As for the fights, well the truth is that the best is the one that takes place in the Octagon of the title, with Scott fighting against Kyo, the mute ninja, who despite wanting to imitate the sounds 46

that are usually made in the katas, what comes out looks like a crude imitation of Darth Vader, but at the core, the martial choreographies, this one in the Octagon, stands out for the use of both the katana and the ninja knives, known if I'm not mistaken as kalis, by Kyo with great dexterity. Seen today, it may seem like a slow fight, but it really is a very worthy fight, with an incendiary ending included.
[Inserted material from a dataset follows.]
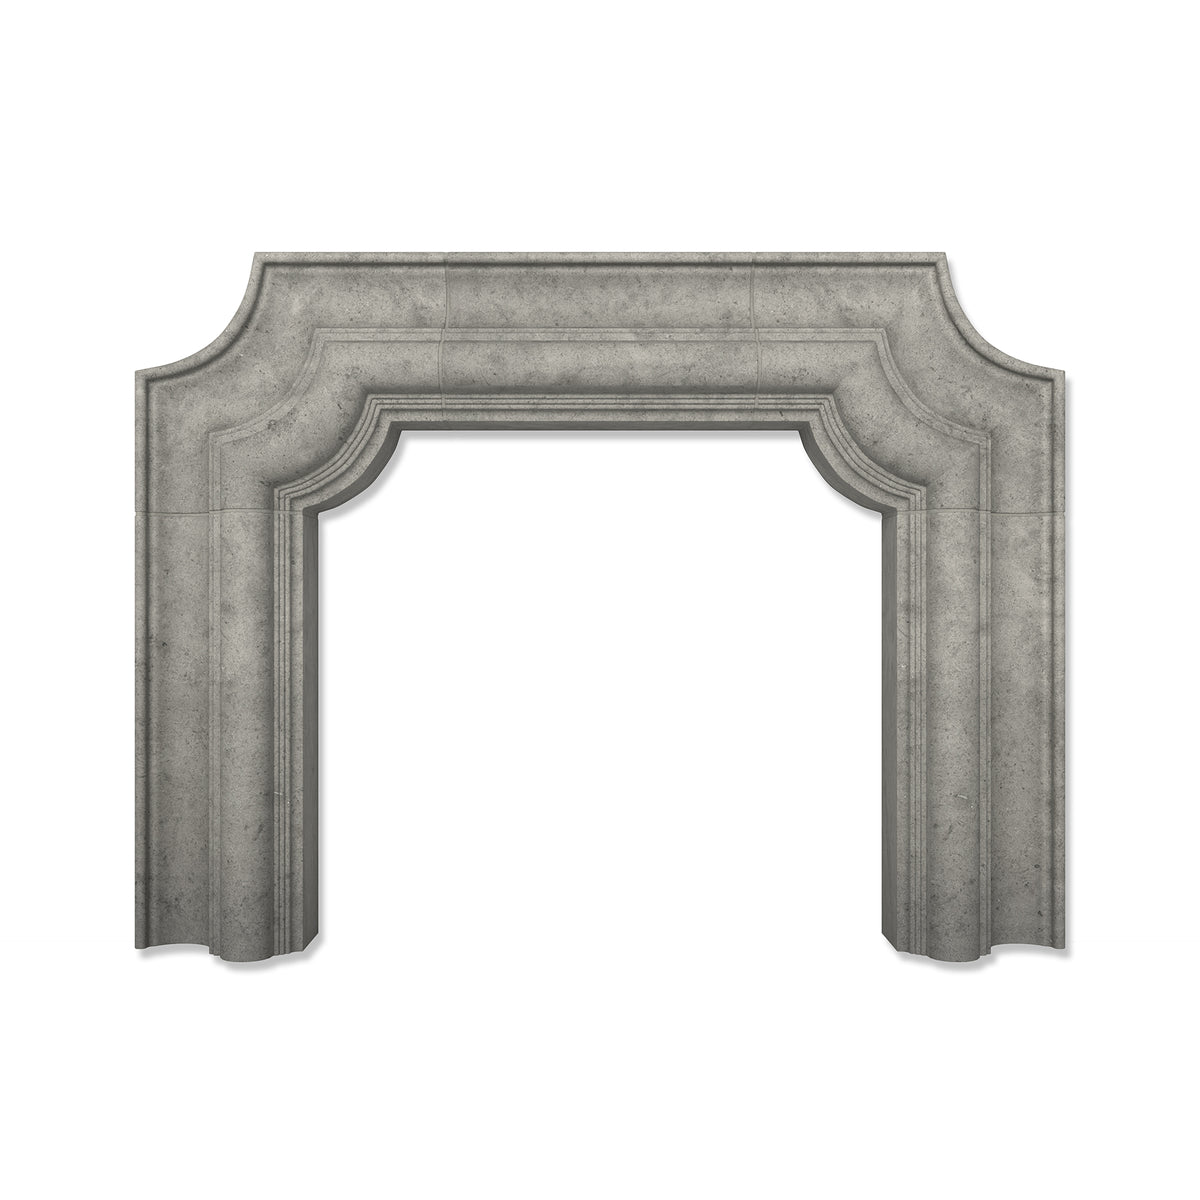 Luca shown in Charcoal Limestone. Main Product Slider View

As far as the most anticipated match is concerned, that is, the final match between Scott and SeyKura, unfortunately, here is one of the two or they ran out of ideas, or without a budget or who knows, because it is apart from being brief, a fight very bland and ends with what I suppose they would think would be ideal, a death at dawn, but seeing the final result, it leaves us completely indifferent.
In summary, a weak Chuck Norris movie, with a wasted Tadashi Yamashita, whom we would see shortly after in "The American Warrior" and an almost testimonial Lee Van Cleef, although surely certain things he saw would come in handy for the series he would star in. years later "The Master" with a ninja theme.